Exercise directions =>
Please output exactly the lines below, starting at the line that has "Лесото, 15 малоти (1979 г.)" and ending at the line that has "Mesa de centro", both included; leave out all pictures and include nothing else.

----- Exercise data

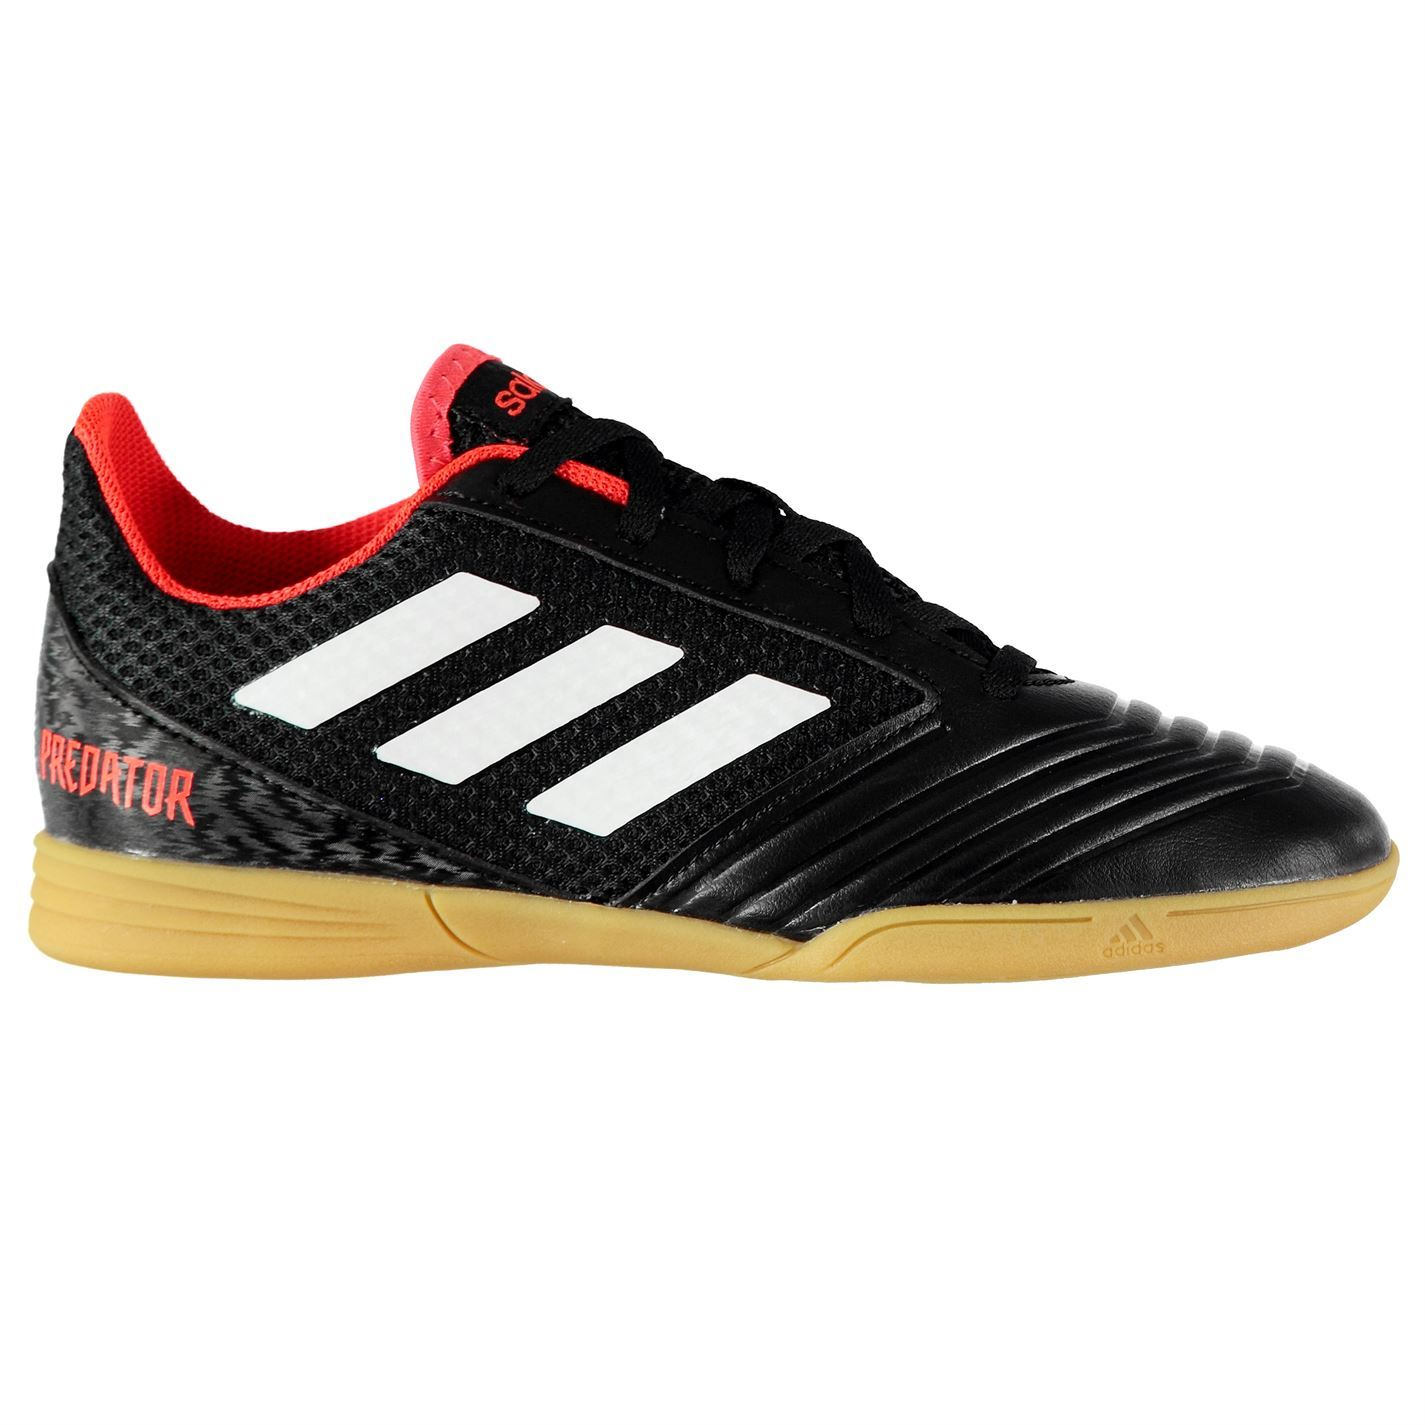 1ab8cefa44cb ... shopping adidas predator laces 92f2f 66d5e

----------
----- Exercise data

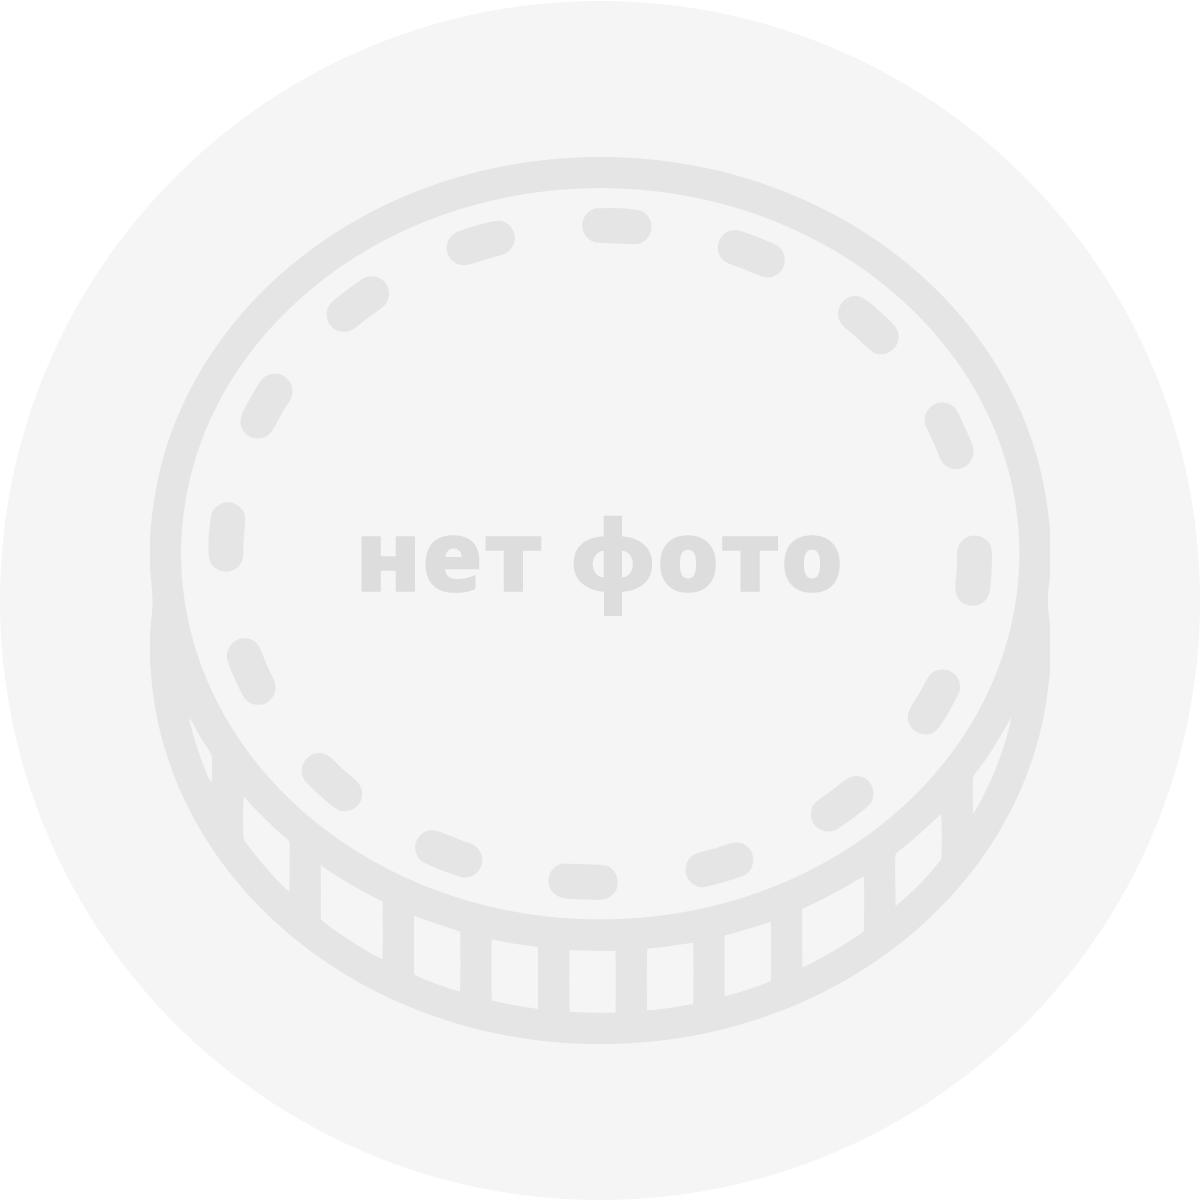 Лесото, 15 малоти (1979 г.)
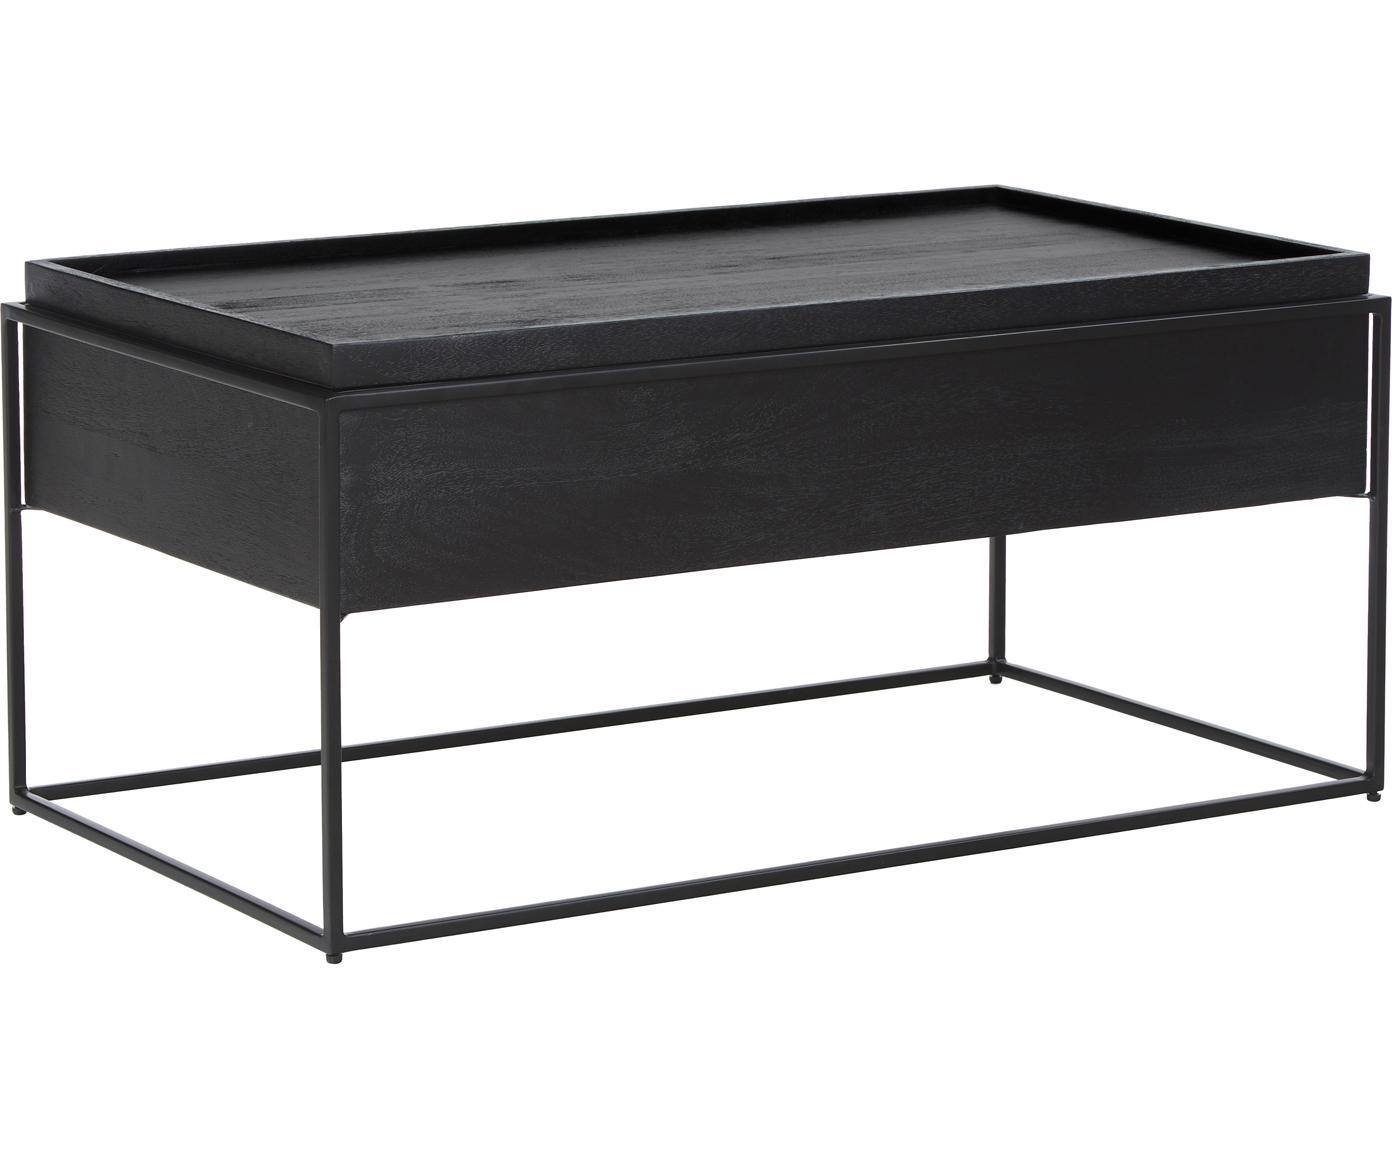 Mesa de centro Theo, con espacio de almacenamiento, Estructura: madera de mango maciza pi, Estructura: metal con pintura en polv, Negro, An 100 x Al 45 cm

----------

Task result =>
 Лесото, 15 малоти (1979 г.)
 Mesa de centro Theo, con espacio de almacenamiento, Estructura: madera de mango maciza pi, Estructura: metal con pintura en polv, Negro, An 100 x Al 45 cm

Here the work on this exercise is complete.